# How soon can you tell if it a boy or girl?



## Talking_Feathers (Jun 8, 2003)

I have a very young fan tail,
Not to sure on age but he or she does not have all of wing feathers and a few simi-bald spots on it's back. and still has a very large beck, it eats on it's own fine,
I would like to know how to tell if this is a boy or girl.
I would like to give it a name but don't want an egg laying george...lol..
so for now we will call it pidge.
if any one can give me some points on how to tell I would be very thankful..
Talking Feathers


----------



## Wild Dove (Apr 9, 2002)

Hi! Congrats on your baby Fan Tail!
You'll have to wait a couple of months or so before the baby shows behavioral signs of gender...and even that may be wrong!
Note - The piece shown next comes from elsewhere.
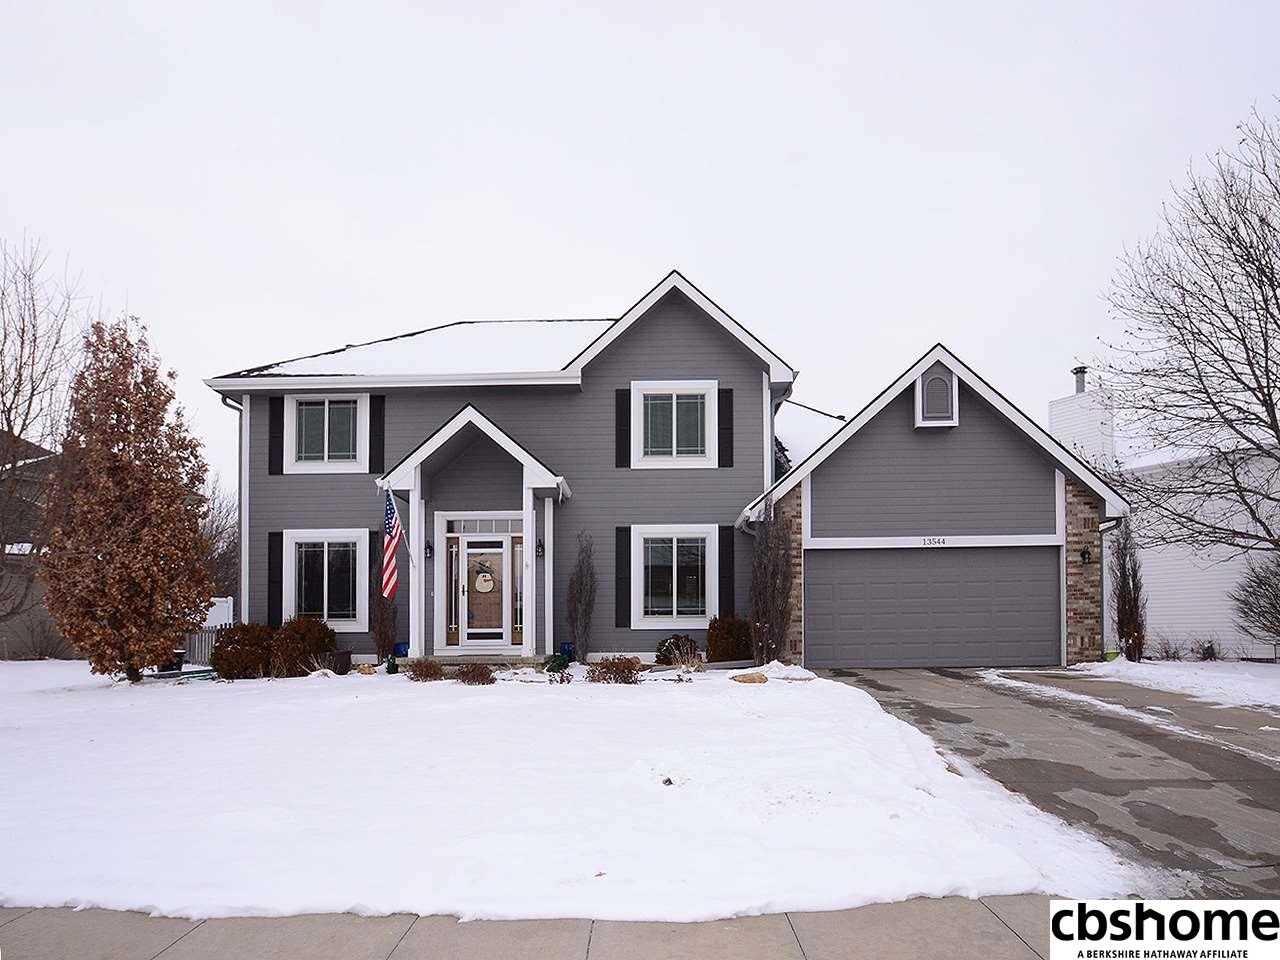 13544 Sahler Omaha, NE 68164 | MLS 21801875 Photo 1
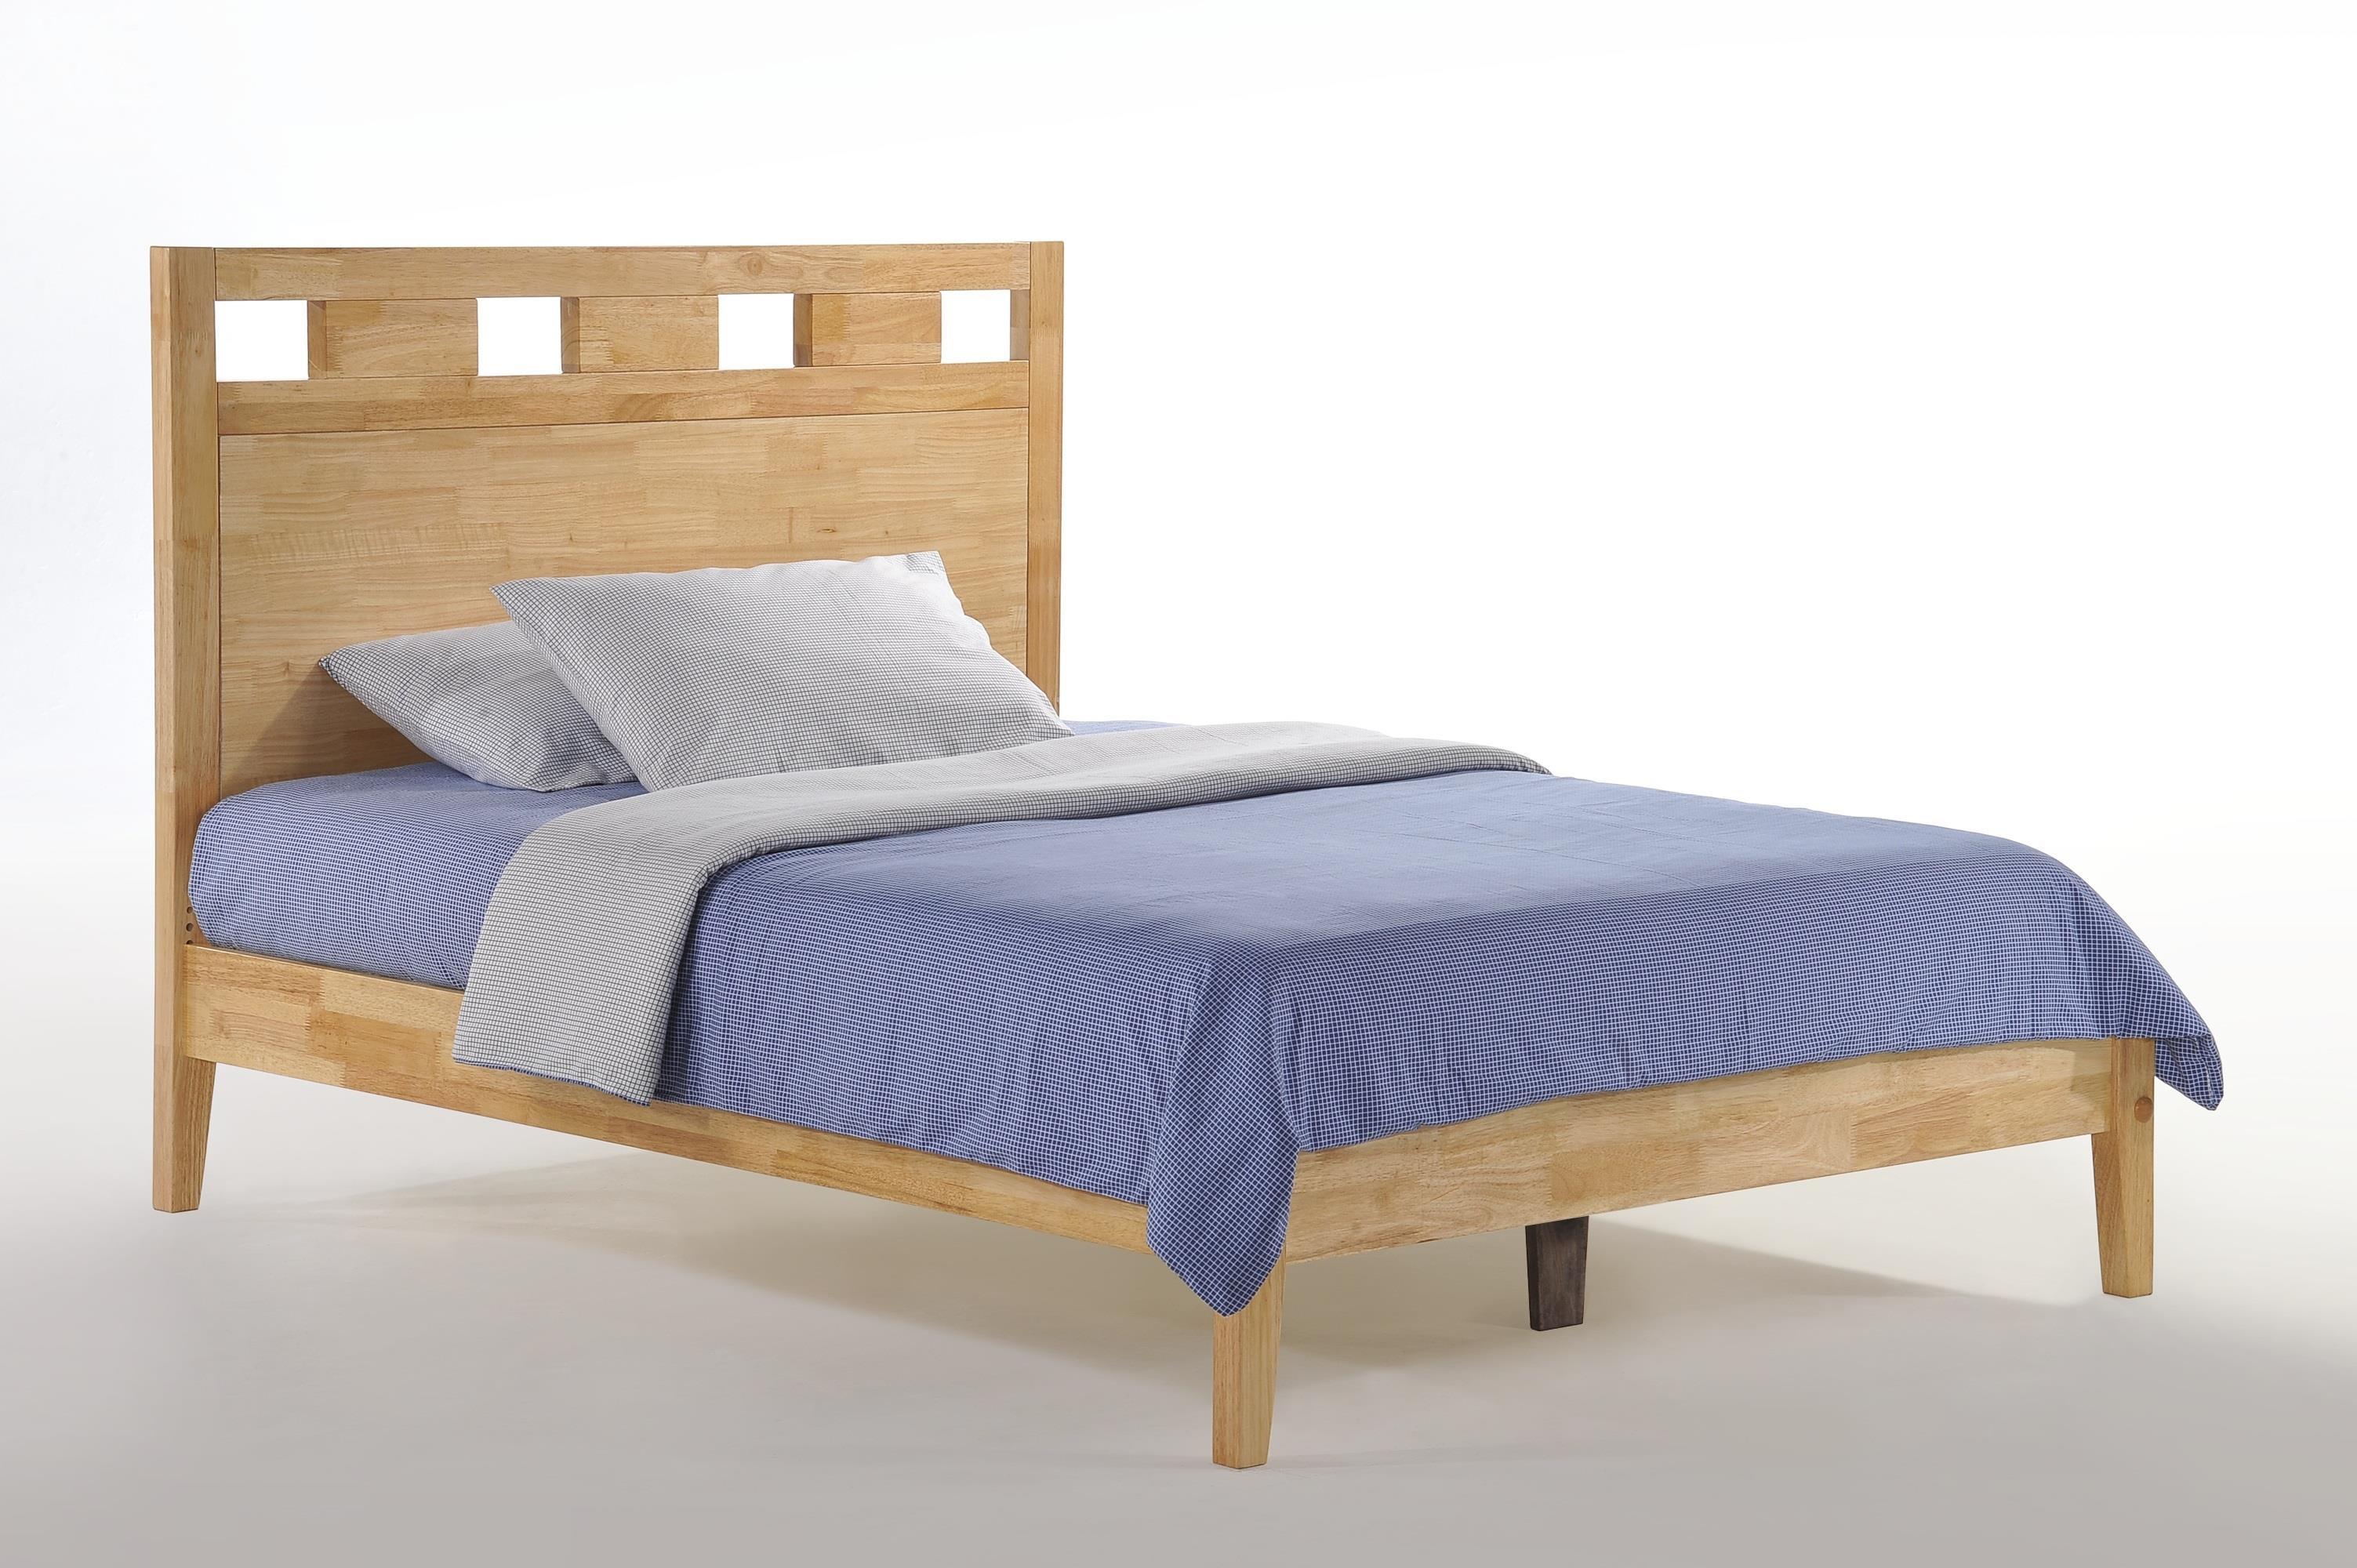 Tamarind King Bed by Pacific Manufacturing at SlumberWorld

The only way to really tell is if "she" lays an egg...but you can come pretty close by watching behavior closely when baby grows up.
For now, you might want to pick a name that doesn't yell "Male!" or "Female!"...how about Georgie?
We'd love to see some pictures of your baby too!
Wild Dove


----------



## sofie della (10 mo ago)

cool i just rescued a wild white dove rom my neighbors there dog nearly killed it it survived 1 ight i hoping w can keep it it is missins a bit of feathers fro the dog pulling them out but hopefully its ok its a very good bird in the litle thing i have for it right now hoping it survrives and gets better


----------



## beachwood45789 (Jul 15, 2014)

Hi, are you sure it is a wild dove? are those black feathers on the top of his head and does it have a little cap where the black feathers end if so that is a fancy pigeon probably someones pet, i cant remember the name of the breed, are you feeding her and giving her water


----------



## pigeonroger154 (11 mo ago)

i agree that looks like the common white dove and they are not common in the wild. it is most likely someone's escaped pet.


----------